4. Use the particular solution to identify how on it will take for the drink to be ready for consumption (a temperature of 80) given that after 3 time units \(T(3)=90\).

First let us find the missing variable \(k\) by using the fact that \(T(3) = 90\):

equation = sym.Eq(80 * sym.exp(k * 3) + 20, 90)
sym.solveset(equation, k)

\[\displaystyle \left\{\frac{2 n i \pi}{3} + \frac{\log{\left(\frac{7}{8} \right)}}{3}\; \middle|\; n \in \mathbb{Z}\right\}\]

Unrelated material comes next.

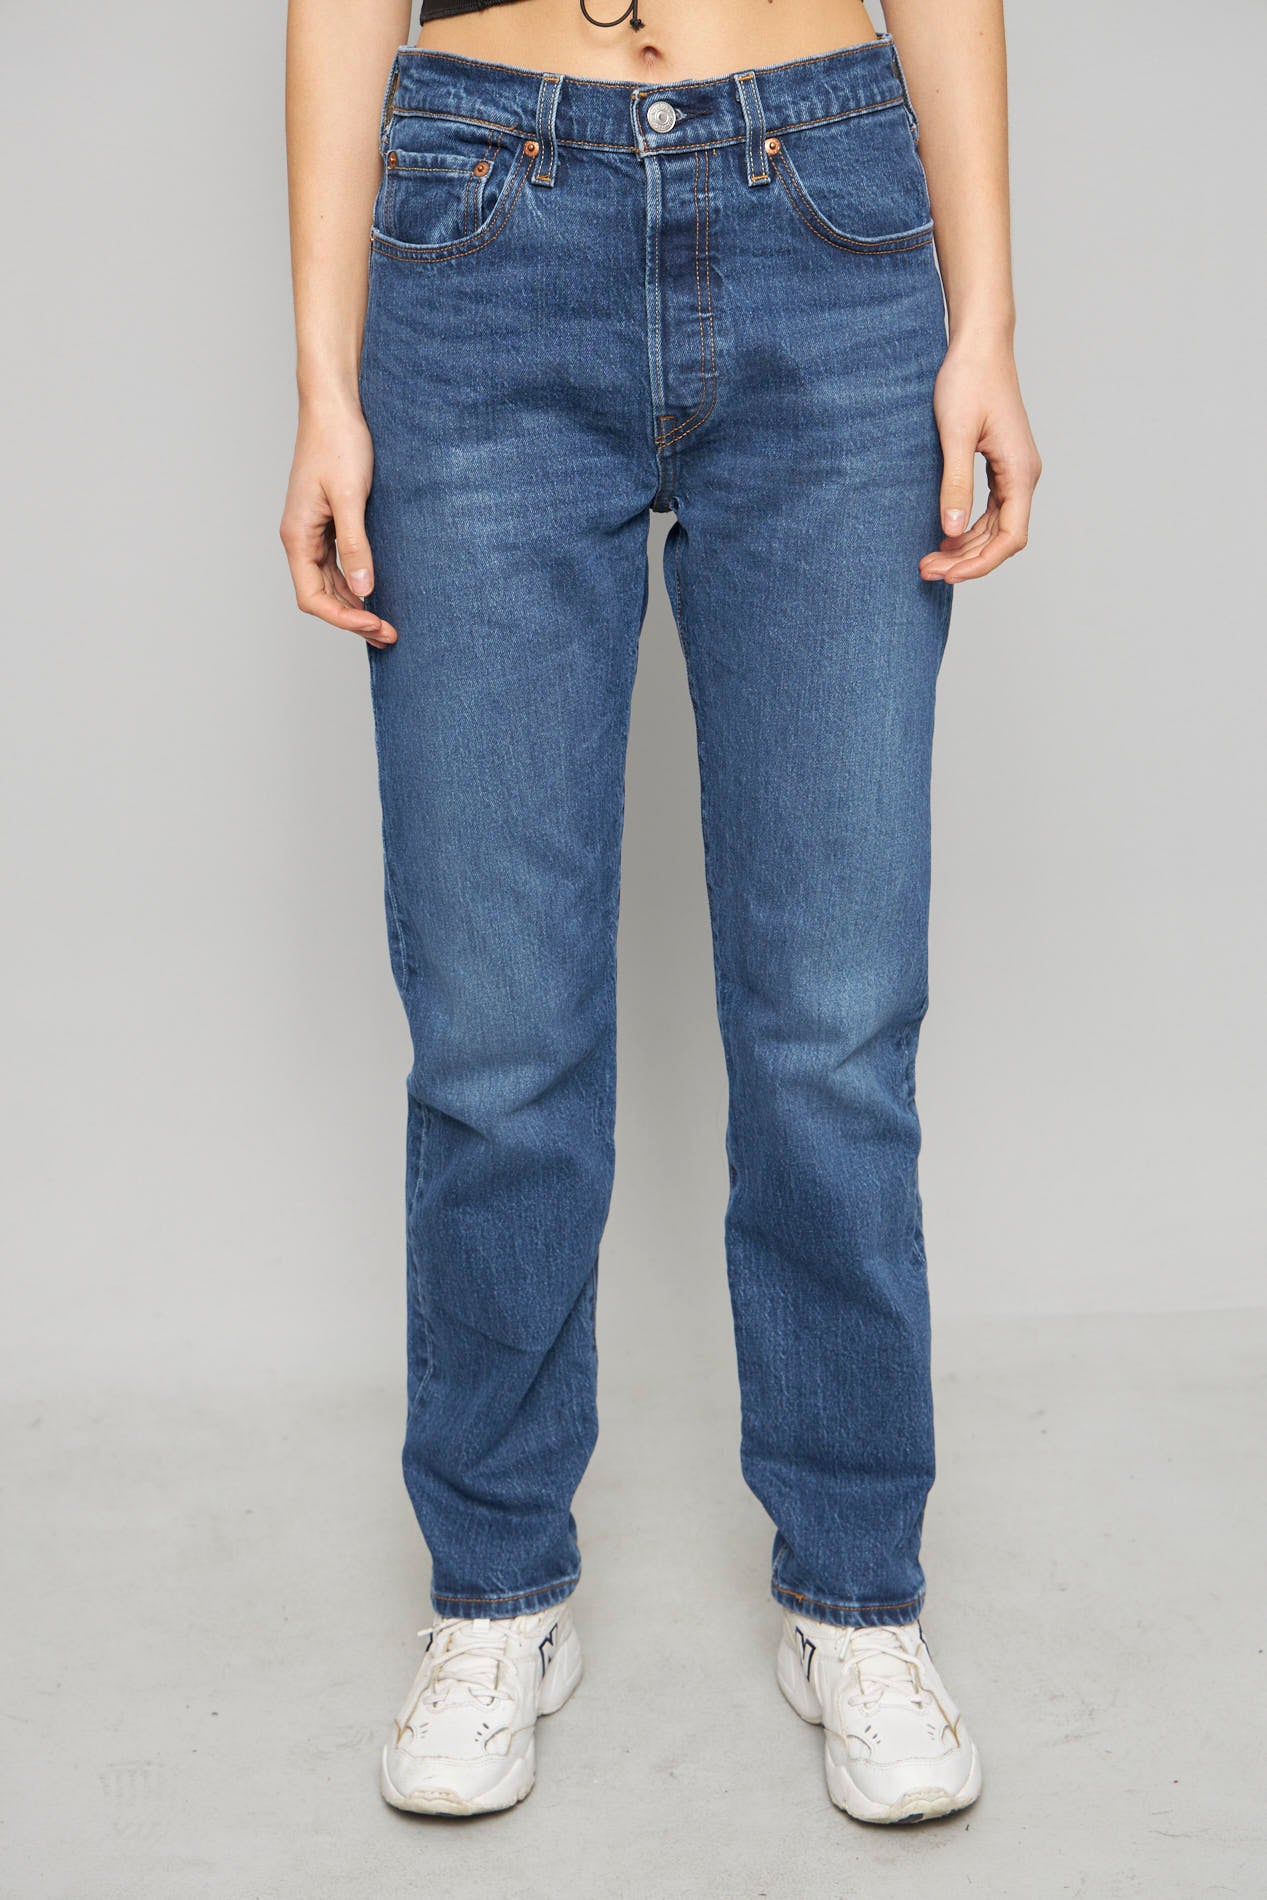 Jeans casual  azul levis talla 38 543
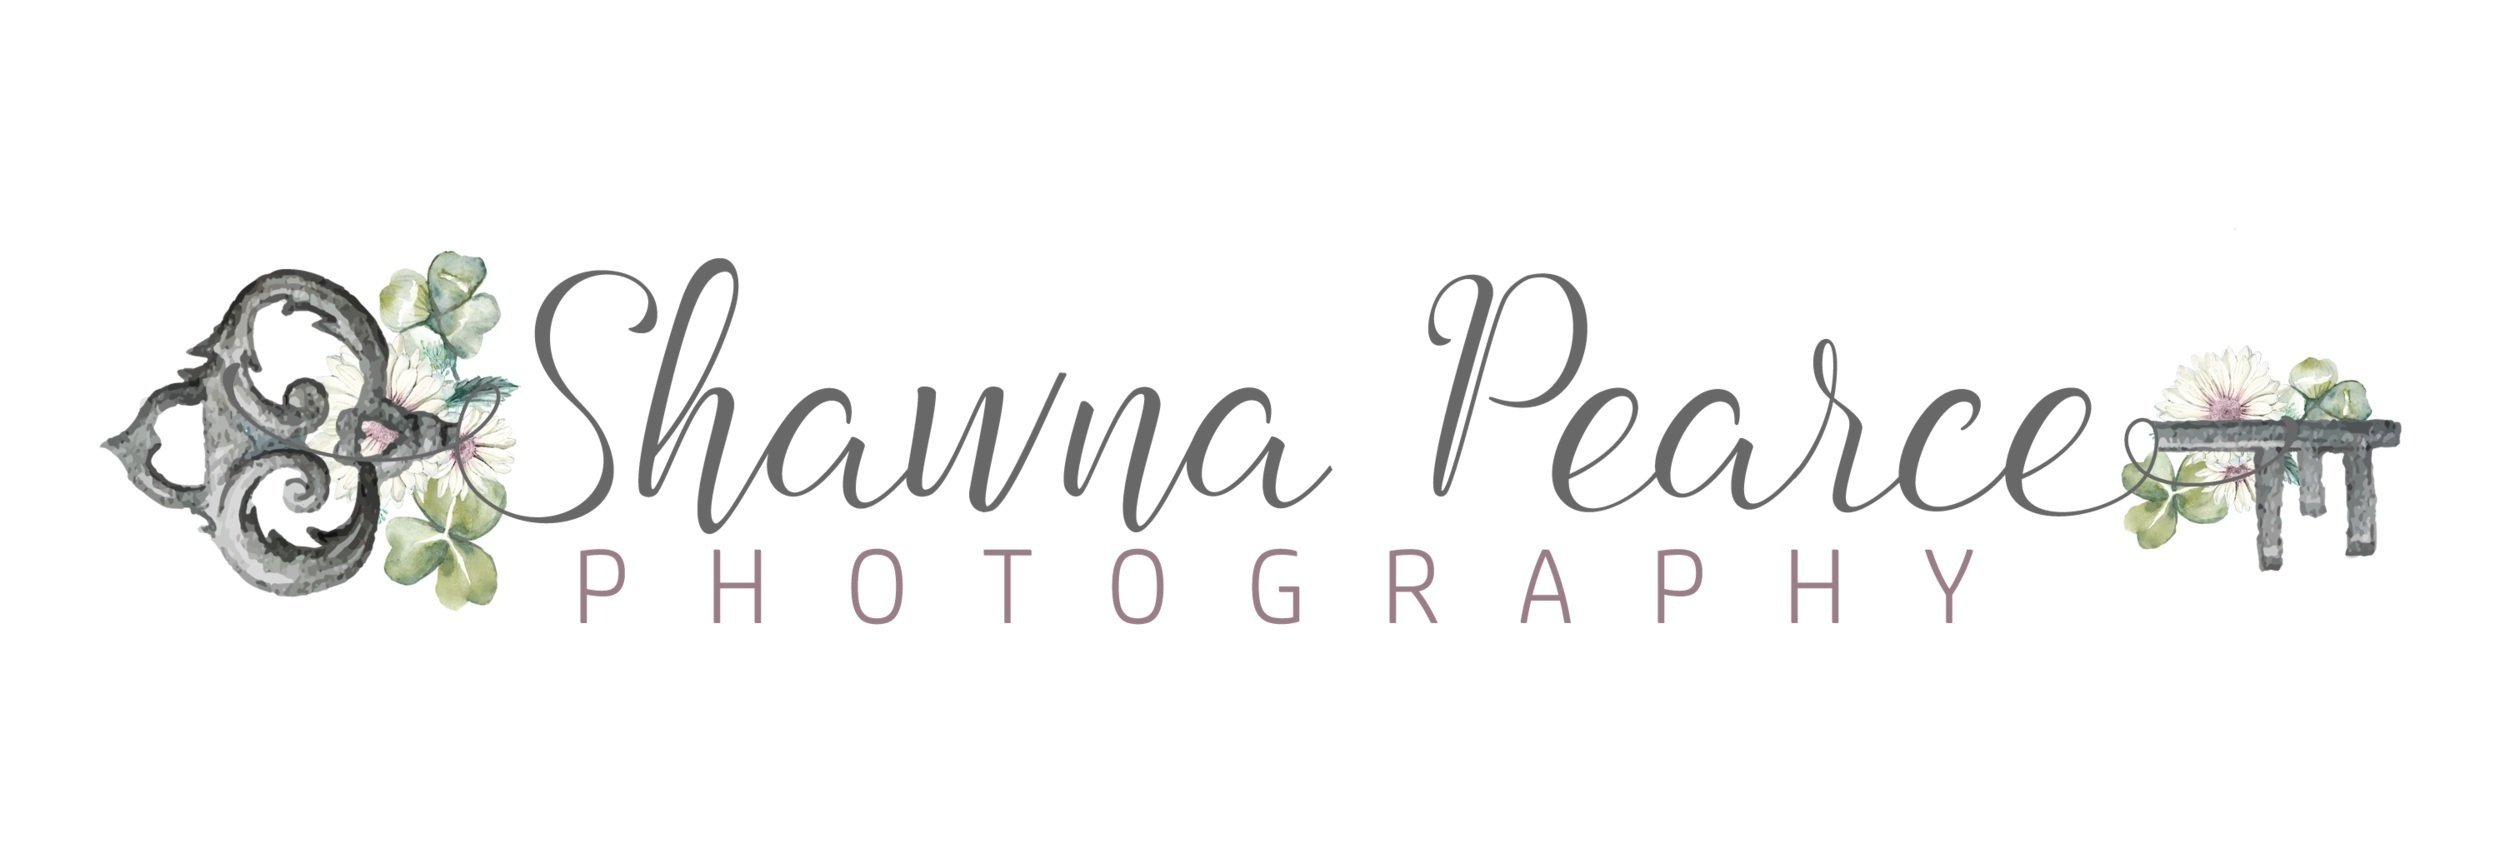 Shawna Pearce Photography

The set of solutions is infinite but contains a single real value element (when \(n=0\)):

particular_k = sym.log(sym.S(7) / 8) / 3

The final equation to be solved is given by:

equation = sym.Eq(80 * sym.exp(particular_k * t) + 20, 80)
sym.solveset(equation, t)

\[\displaystyle \left\{\frac{3 \cdot \left(2 n i \pi + \log{\left(\frac{3}{4} \right)}\right)}{\log{\left(\frac{7}{8} \right)}}\; \middle|\; n \in \mathbb{Z}\right\}\]

which has a single real valued element (when \(n=0\)):

t_ready = 3 * sym.log(sym.S(3) / 4)/ sym.log(sym.S(7) / 8)
t_ready

\[\displaystyle \frac{3 \log{\left(\frac{3}{4} \right)}}{\log{\left(\frac{7}{8} \right)}}\]

Which means the hot drink will be ready in about 7 minutes:

float(t_ready)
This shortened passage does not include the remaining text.